Scheduling well While Working From Home (Tech Talk)

Getting any work done lately? Whether working-from-home is your regular rhythm or it’s a new thing for you, it takes some discipline and mindset-setting to get it done well.

I’m not saying this as a pro, but for 7 years I’ve been working mostly from home, which looks way different from when I was working partially from home. Let’s just say that when I go out, it’s ‘a thing.’

Even though working-from-home (ideally) offers much more ‘time freedom,’ some sort of structure and motivation gotta to be part of the equation, when designing your day and managing your work load while taking care of the home.

Otherwise you’d just be in the house or apartment randomly remembering, “oh yeah! I got work to do” but not fueling those words with clear, effective action.

A gentle question for the remote workers reading this: do you usually schedule tasks when you’re in the company office or workplace?

If you said, yes – cool.

A gentle question for the regular work-from-homers: when you have client meetings, family outings or out-of-the-office appointments, do you schedule them? Even if you’ve been using a paper planner, fridge magnet notepad, cafe napkin or a digital calendar, that still counts as some sort of time mapping something.

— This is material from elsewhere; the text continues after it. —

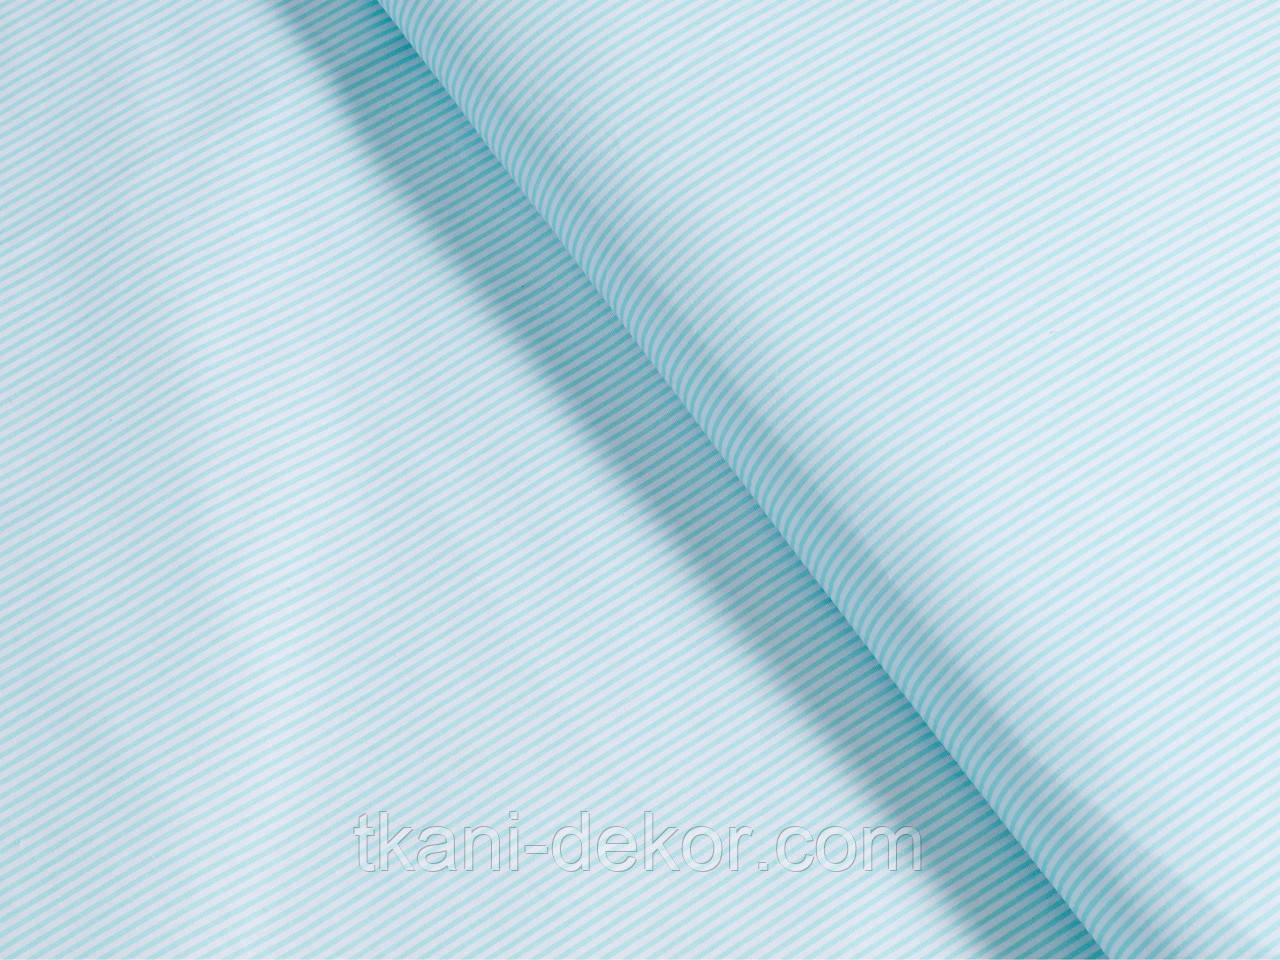 Сатин (хлопковая ткань) мятная мелкая полоска (35*160)

What about job/tv/radio/podcast interviews? You betta believe we all conveniently make a point to jot those down or type them out somewhere, so we remember.

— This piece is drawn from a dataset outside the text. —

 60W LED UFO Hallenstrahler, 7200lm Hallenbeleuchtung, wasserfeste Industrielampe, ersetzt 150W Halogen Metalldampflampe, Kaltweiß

While the mind and memory are precious things, there are free digital tools that can make managing a business or mapping a mission clearly outlined.

I don’t know about you, but when I’m songwriting in de l’il home studio, thanksgiving, or in the kitchen or garden, there’s a big chance I might be a tad late for that also-important business meeting. Sometimes – on purpose, the phone isn’t close by to sound off a notification saying, “ummm, you should be getting ready, or at least tame your natural hair for this or that – by this time?”

And so – scheduling.

Scheduling well while working from home works well too.

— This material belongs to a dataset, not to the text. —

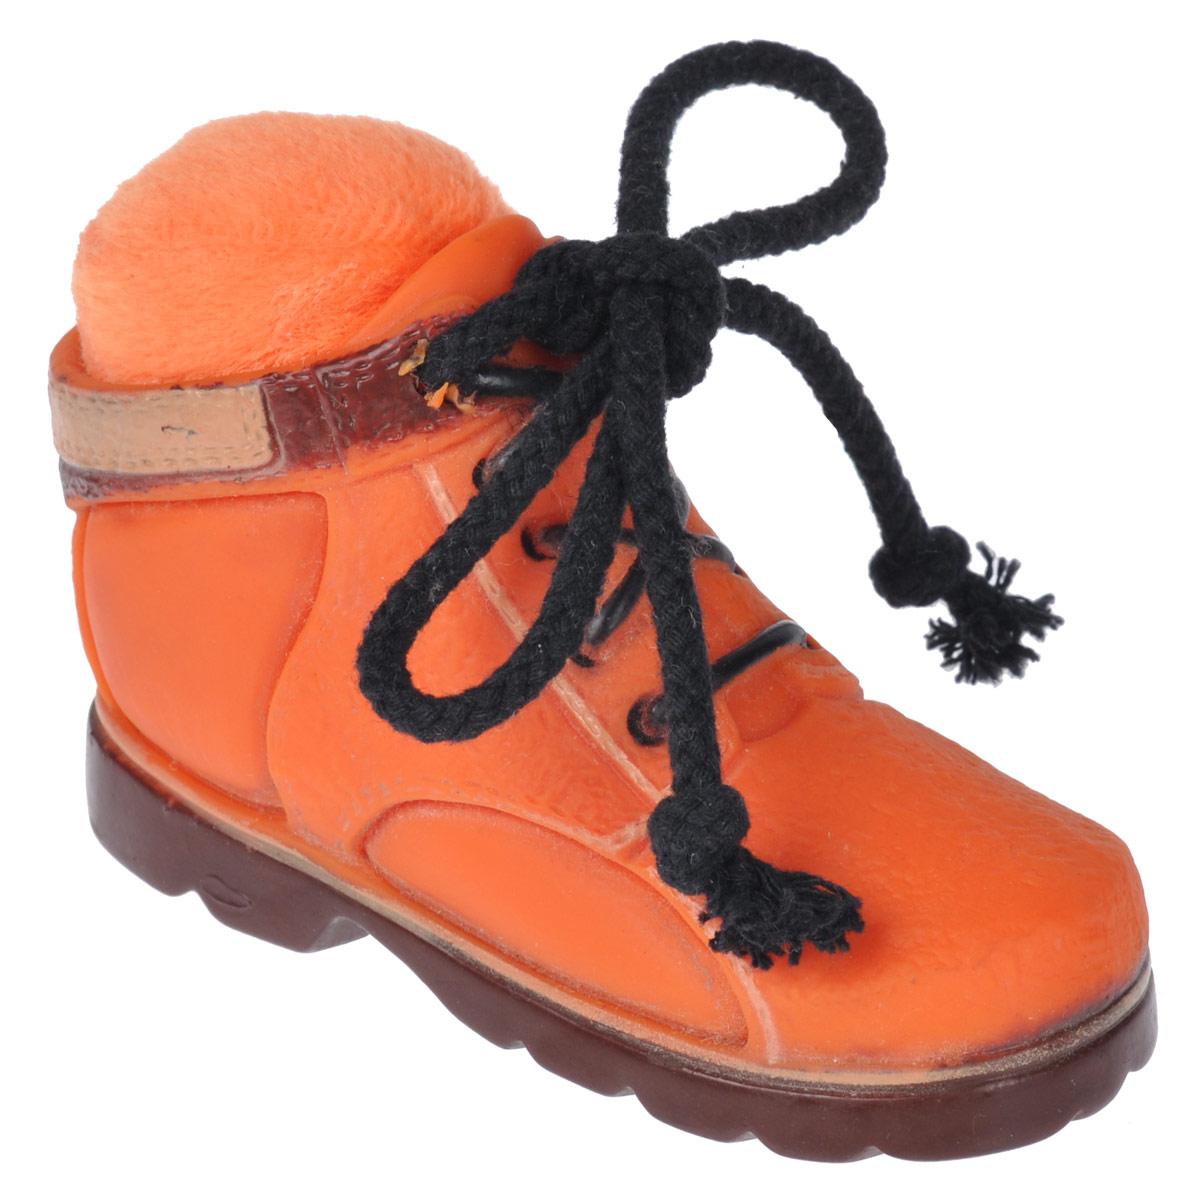 Игрушка для собак Beeztees Ботинок, цвет: оранжевый0120710Игрушка Beeztees Ботинок изготовлена из винила с использованием только безопасных, не токсичных красителей. Великолепно подходит для игры и массажа десен вашей собаки.При надавливании или захвате пастью пищит. Такая игрушка порадует вашего любимца, а вам доставит массу приятных эмоций, ведь наблюдать за игрой всегда интересно и приятно.

You’re right. Writing something in a box on a grid or logging an activity or event into a line on a digital chart doesn’t guarantee that we’re in charge of time at all, and it doesn’t physically push us to do or move…but it does remind us of something on the horizon, so we have the option of prepping for it.

Let’s face it – how many of us penciled in this global situation going on right now? (If you’re cloudy about what that is, read the Word and peruse the news, social timelines and YouTube or google the date for a memo.)

That said, it’s important to share here that God has a pure plan and the enemy has an stinkin’ agenda, so it would be healthy and helpful for us to prioritize how we’ll share, use and spend the time, breath and life we’re gifted with.

On that note, let’s talk about scheduling. It can be a superficial thing because we’re not in control of time. But, it’s still a gift we can put to work.

And so – Google Calendar:

If you don’t yet use it, it’s pretty cool to make use of, and you can sync your calendar with your ‘smart’ phone. That way you’ll get a reminder on your phone, if your laptop or tablet isn’t nearby at the moment you set the notification to highlight the upcoming thing to do or person to call.

I wrote a post about it on this blog right here in case you want more in-depth details about how it works and can work for you.

Here’s a screenshot from this week’s calendar. You don’t have to add every single activity, and you can assign different calendars in different categories with customized colours, if you like.

This week it’s mostly interviews with guests for on ‘Joy within’ podcast, an online meeting, Breathwork/Vocal session with a client, yard work, and a coaching call with SocialBusinessBosses (which was fabulous, by the way. I highly recommend you link Natalia for her business coaching.) I didn’t add cooking and laundry this week; sometimes I do, but it’s up to you what you log in Google Calendar.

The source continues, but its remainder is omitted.